Dugaan korupsi RSUD Sumbawa, penyidik gandeng ahli bahasa

id korupsi RSUD Sumbawa,Mataram,Kalteng,Dugaan korupsi RSUD Sumbawa, penyidik gandeng ahli bahasa,pengelolaan dana BLUD

Dugaan korupsi RSUD Sumbawa, penyidik gandeng ahli bahasa

Foto arsip-Gedung RSUD Sumbawa. (ANTARA/HO-Pemkab Sumbawa)

Mataram (ANTARA) - Penyidik kejaksaan menggandeng ahli bahasa untuk  menelusuri indikasi  dugaan korupsi pengelolaan dana Badan Layanan Umum Daerah (BLUD) di Rumah Sakit Umum Daerah (RSUD) Sumbawa, Nusa Tenggara Barat, tahun anggaran 2022.

"Hari ini kami minta keterangan ahli bahasa untuk membedah percakapan antara rekanan dengan pejabat rumah sakit," kata Kasi Intelijen Kejari Sumbawa Anak Agung Putu Juliartana melalu keterangan diterima di Mataram, Senin.

Indikasi yang ditelusuri dalam percakapan itu, jelas dia, terkait adanya dugaan gratifikasi dalam pengelolaan dana BLUD.

"Apakah memuat unsur gratifikasi dalam percakapan itu? ini yang mau dilihat penyidik," ujarnya.

Dalam penyidikan kasus ini, kejaksaan telah melakukan pemeriksaan secara maraton terhadap sejumlah rekanan pelaksana proyek. Keterangan dari para rekanan diyakinkan Agung sebagai bahan pemeriksaan oleh ahli bahasa.

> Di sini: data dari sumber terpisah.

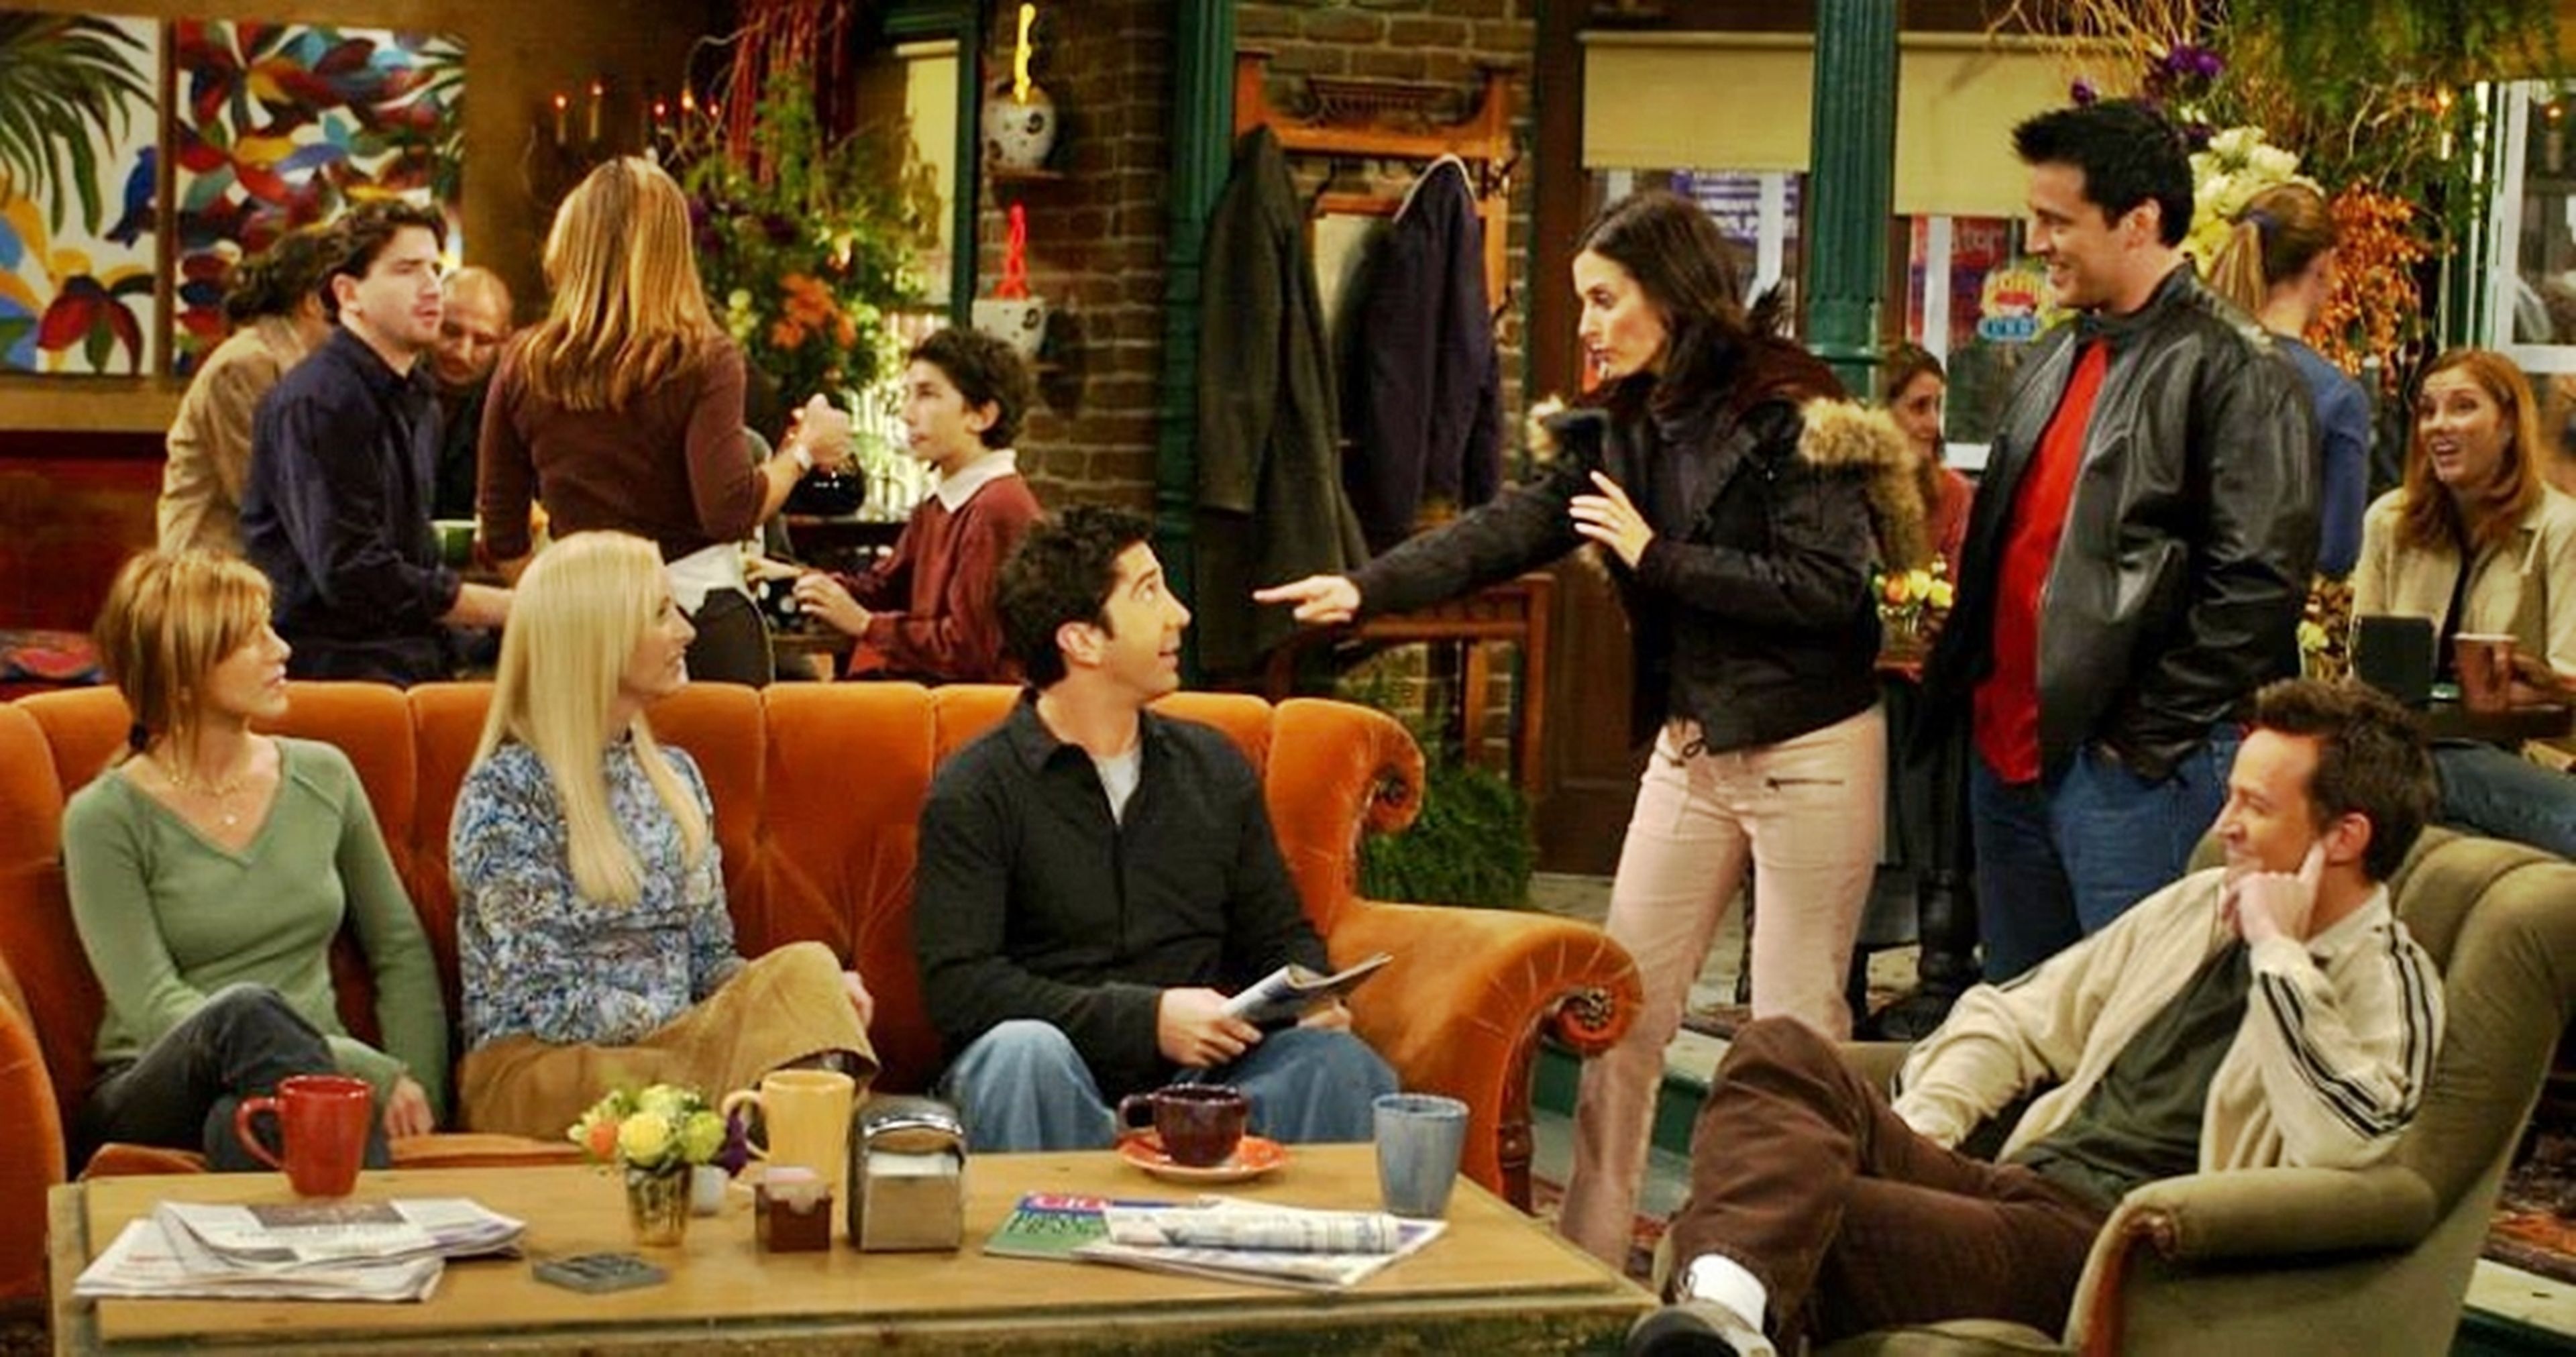 Detalles de la historia de la serie 'Friends' a 25 años de su estreno

Dia tidak memungkiri bahwa rangkaian pemeriksaan rekanan pelaksana proyek ini telah menyita banyak waktu penyidikan, mengingat adanya 883 item pekerjaan yang diduga bermasalah.

Agung turut meyakinkan bahwa proses penyidikan ini belum menyentuh tahap penelusuran kerugian negara.

Untuk hal tersebut, Agung mengatakan bahwa pihaknya masih berkoordinasi dengan ahli audit kerugian negara. Dalam hal ini dari lembaga yang punya akreditasi dalam menghitung kerugian negara, salah satunya BPKP Perwakilan NTB.

Dalam penyidikan kasus ini, jaksa sebelumnya menemukan adanya dugaan penyelewengan dana BLUD tahun anggaran 2022 dari 883 item pekerjaan. Salah satunya, terkait pembayaran jasa pelayanan kesehatan (jaspelkes).

Khusus untuk jaspelkes dalam periode tiga bulan mulai Oktober sampai dengan Desember 2022 tercatat adanya tunggakan pembayaran sebesar Rp10,5 miliar.

Oleh karena itu, potensi kerugian negara yang sebelumnya telah disampaikan dengan nilai Rp1,6 miliar berpeluang naik.